Based on the evaluation indicator results on problem sets, the proposed algorithm shows competitiveness in the IGD, HV and GD indexes compared to the nine selected algorithms. For the IGD index, the proposed algorithm is comparable to hpaEA, RPD-NSGA-II, RVEA, θ-DEA, MOEA/D-DU, VaEA, 1by1EA, NSGA-III and PDMOEAWS in 56.9%, 84.6%, 47.7%, 15.4%, 76.9%, 56.9%, 81.5%, 55.4%,73.8% of 65 cases. The proposed algorithm also has an average improvement of 70.8%, 60.0%, 52.3%, 23.1%, 52.3%, 89.2%, 89.2%, 60.0%, 66.2% of 65 cases over the compared nine algorithms about HV results. For the GD indicator, the proposed algorithm is better than hpaEA, RPD-NSGA-II, RVEA, θ-DEA, MOEA/D-DU, VaEA, 1by1EA, NSGA-III and PDMOEAWS in 56.9%, 69.2%, 61.5%, 38.5%, 52.3%, 89.2%, 73.8%, 63.1%, 66.2% of 65 cases. Consequently, it makes us to be more convinced that the proposed method can be very helpful in dominance resistance.
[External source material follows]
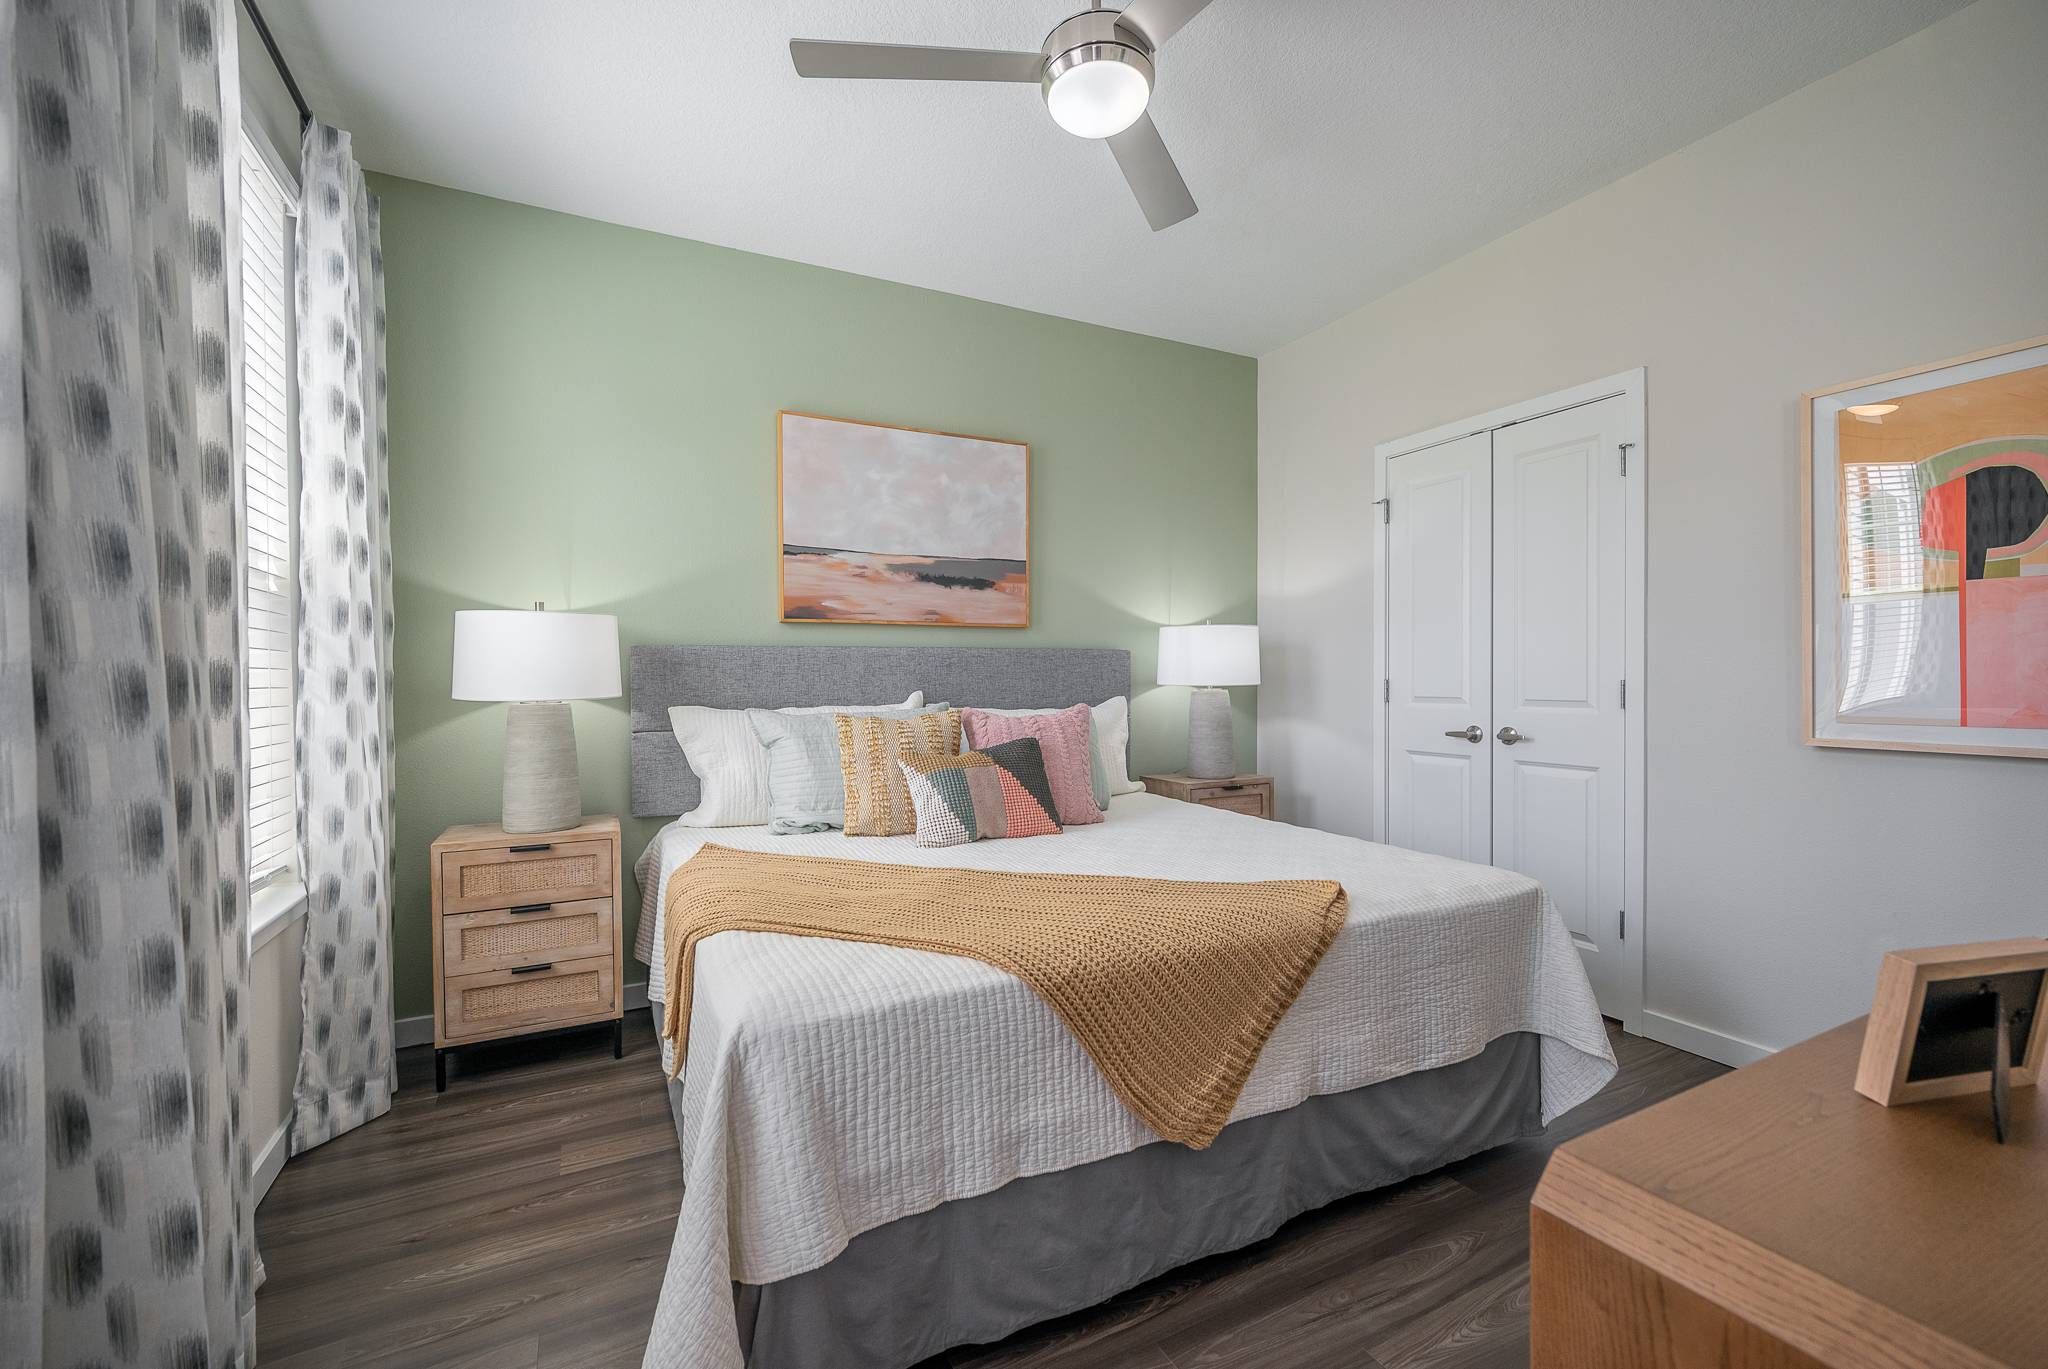 A serene bedroom with a green accent wall, queen-sized bed, and complementary wooden furniture at Alta at Horizon West.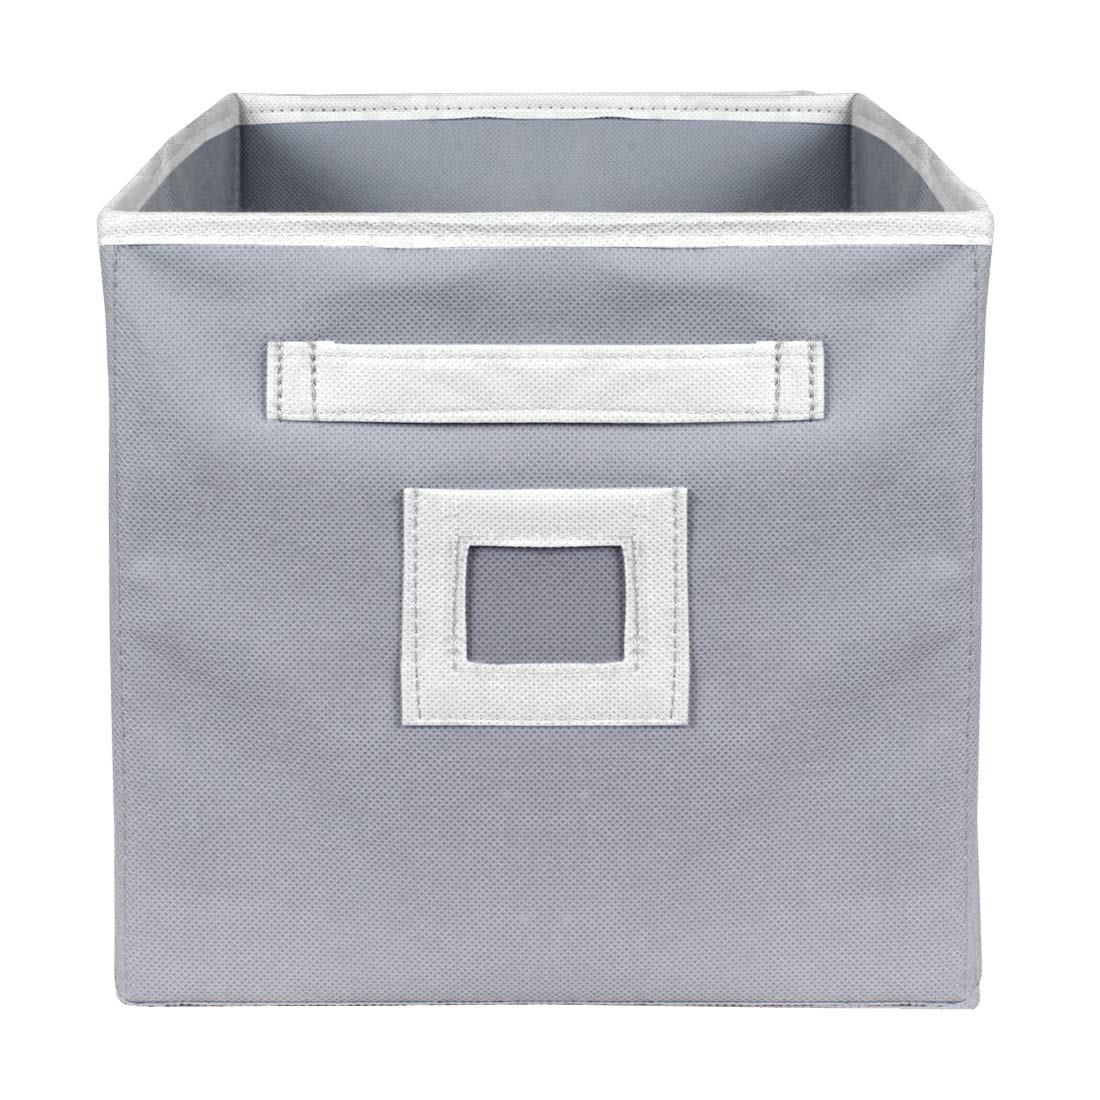 Kuber Industries Non Woven Fabric Foldable Storage Cube Toy, Books, Shoes Box with Handle (Grey, Extra Large) - KUBMART2121-2 Pieces

In the future, we will focus on the computational speed of the algorithm on the basis of the excellent performance, such as designing an effective way to generate new individuals. In addition, we expect to extend the algorithm for solving practical problems and the solutions of practical problems are also a challenging work.